Is it my Western impatience, or the urgency of wanting to tell this story, or film-maker wanting to work impatience, or little kid wanting adventure impatience, or is it the confluence of all those? I’m not certain, but ten days of quarantine, while we make certain neither Tracy or I carried in some pathogen, is a test of patience.
It became a greater test yesterday as the orangutan rescue team went out to check on an orangutan reported trapped in an area being cleared for… wait for it,… what else,… palm oil. What they found we later saw in the photos (deep breath, patience) was a small, maybe four year old orangutan. The little red ape was too small to be immediately release, so returned to the Yayasan IAR center for a couple weeks observation before release. Not that this was the first, nor will it be the last, rescue. It wasn’t even a crazy dramatic rescue, but it was a missed opportunity. As Tracy and I stared at the images on the back of the camera on which the action was recorded, we both kept looking at one another with that – ok, deep breath, patience – look.
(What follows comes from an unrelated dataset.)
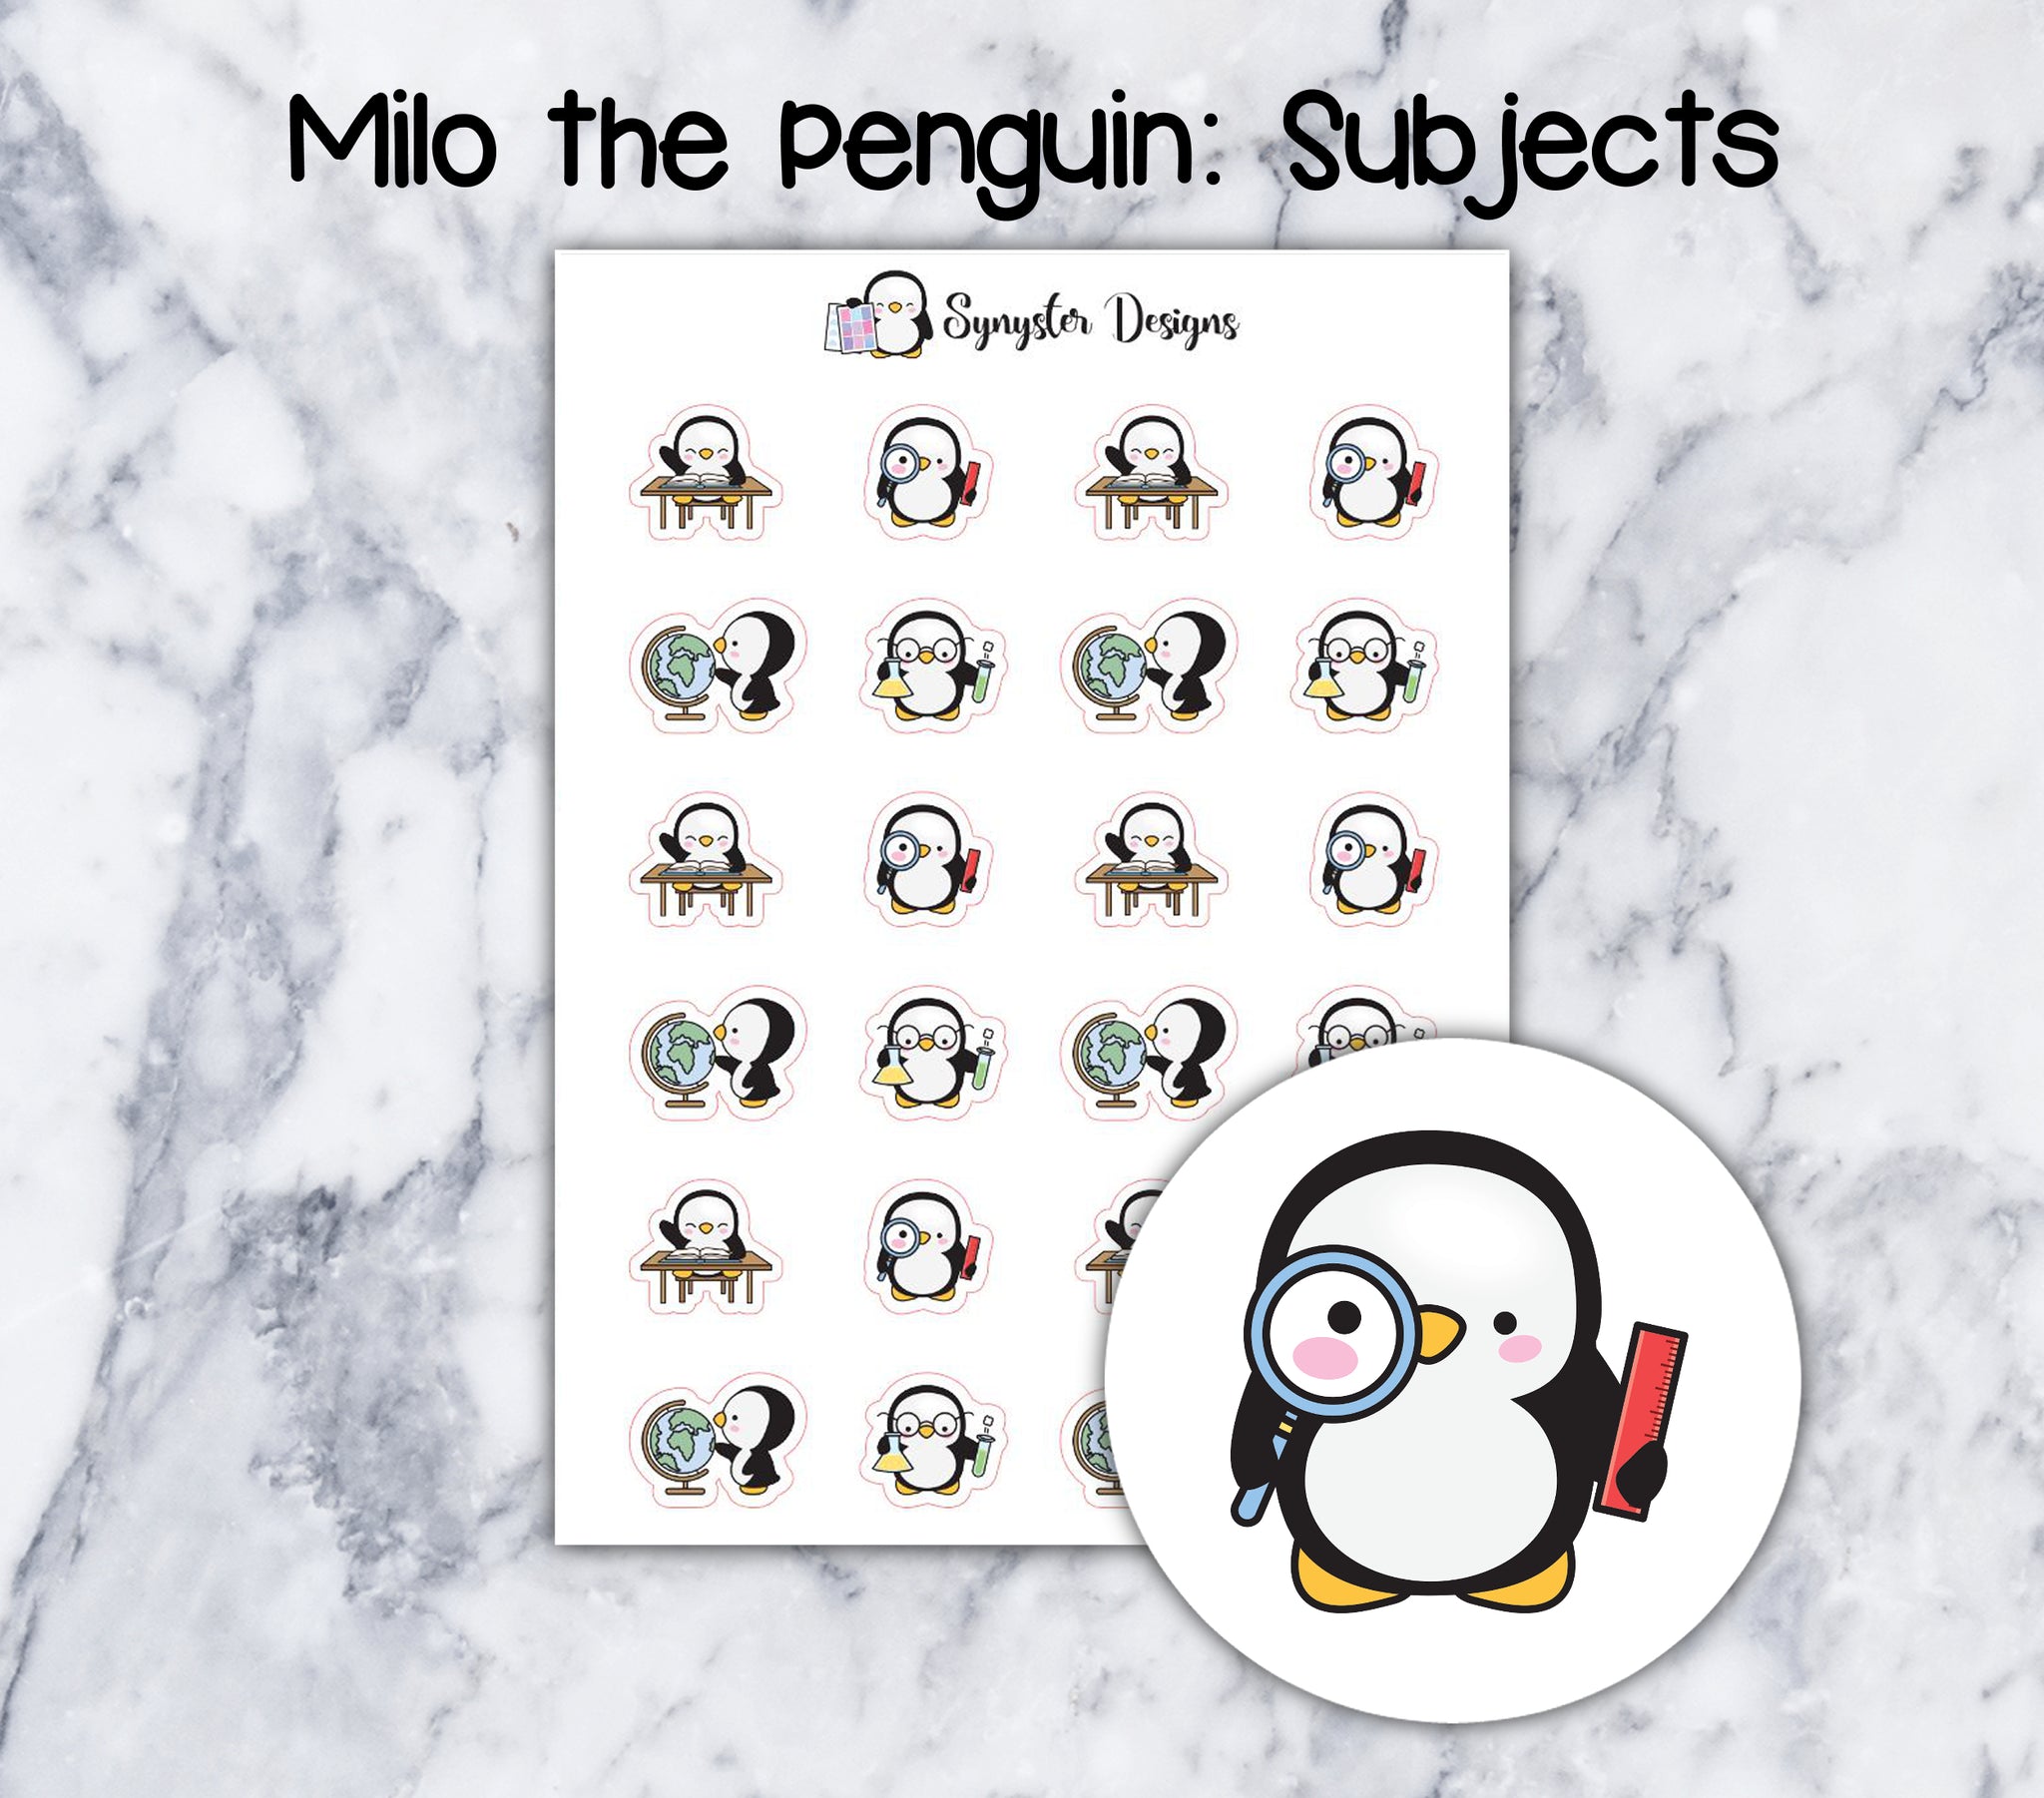 Subjects Milo the Penguin

The quarantine period, ten days once you’re in Indonesia (not just here at the YIAR Center) is necessary, and I fully support Dr. Karmele Llaño Sanchez’s decision to enforce it; no one is the exception, not even her. It, along with the other list of medical requirements she enforces, is why I hold her standards up as the model I wish all sanctuaries, with any of the great apes, here or in Africa, would institute. There’s constant discussion in the media and medical circles about disease transfer from animals to humans (zoonosis), but far less emphasis is placed on the transfer from humans to wildlife. Think of the laundry list of diseases we humans have shipped, flown and cough across this planet. With great apes we share so much of our genetics, perhaps non-human great apes are the ones to most fear a global pandemic brought on by us.
So, ok, deep breath, we can be patient, only three more days — after all we have that luxury, that newly rescued four year old, whether facing palm oil or pathogen doesn’t have patience on its side.